Genetic diagnosis of multiple affected tissues in a patient with McCune-Albright syndrome.

Ji Zhou¹, Li-hao Sun, Bin Cui, Huai-dong Song, Xiao-ying Li, Guang Ning, Jian-min Liu.

Abstract

McCune-Albright syndrome (MAS) is a sporadic disorder characterized by the classic triad of polyostotic fibrous dysplasia, café-au-lait' skin pigmentation, and hyperfunctional endocrinopathy.
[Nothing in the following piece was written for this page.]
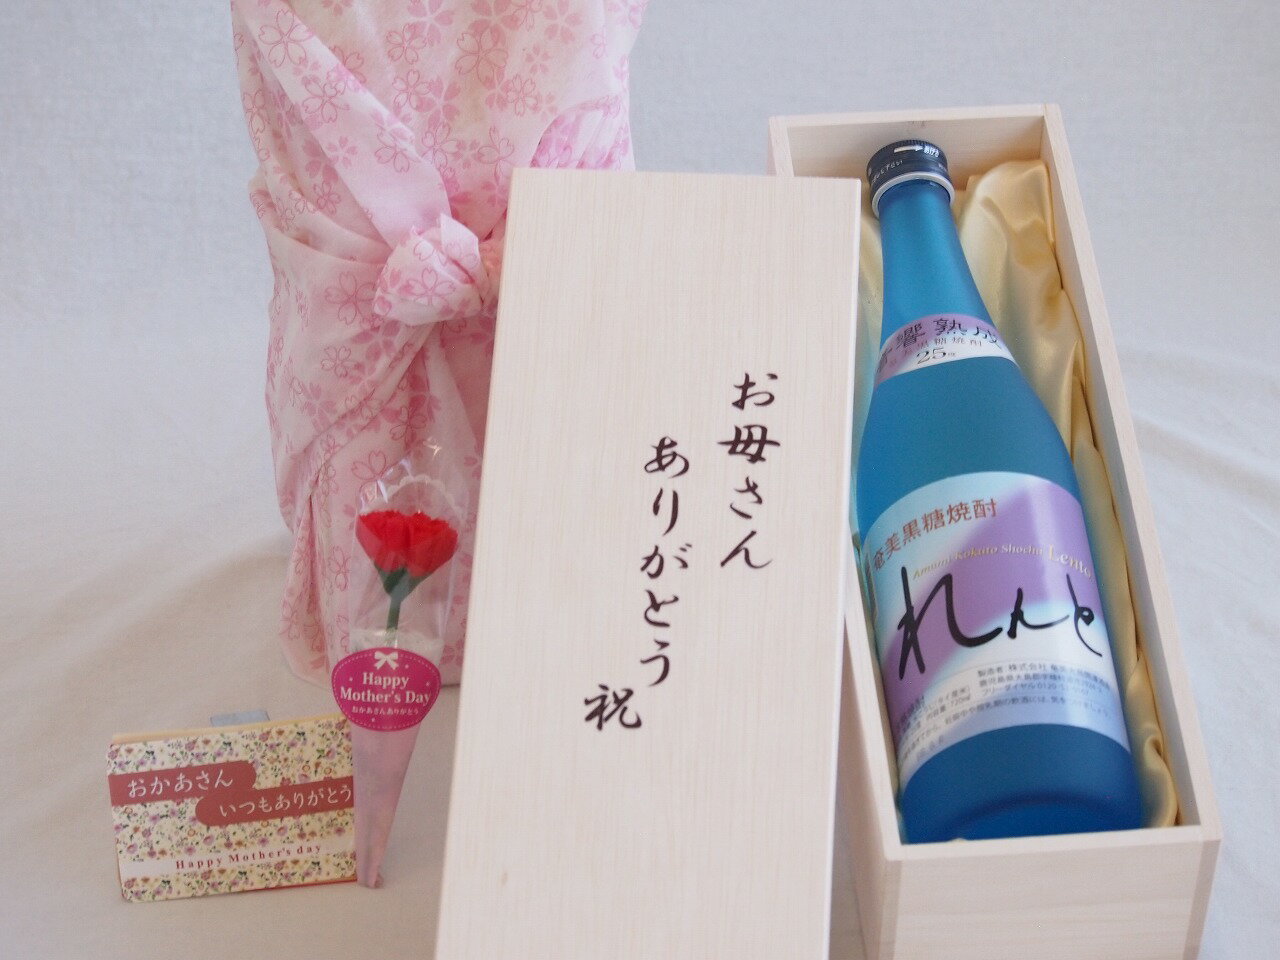 母の日 お母さんありがとう木箱セット 奄美大島開運酒造 音響

It is caused by embryonic somatic mutations leading to the substitution of His or Cys for Arg at amino acid 201 of the alpha-subunit of the signal transduction protein Gs (Gsalpha). A 32-year-old man was diagnosed as McCune-Albright syndrome with the following findings: polyostotic fibrous dysplasia, café-au-lait' spots and acromegaly. An ultrasonic examination showed that he had left-pleural effusion, which disappeared after almost a year without special treatment. Genomic DNA was isolated from the peripheral blood, bone tissue, skin lesion and pleura samples of the patient. Then PCR and direct sequencing were performed. An activating mutation of the Gsalpha gene (Arg201Cys) was found in the genomic DNA isolated from the peripheral blood and the bone tissue, but not in genomic DNA isolated from the skin and pleura samples.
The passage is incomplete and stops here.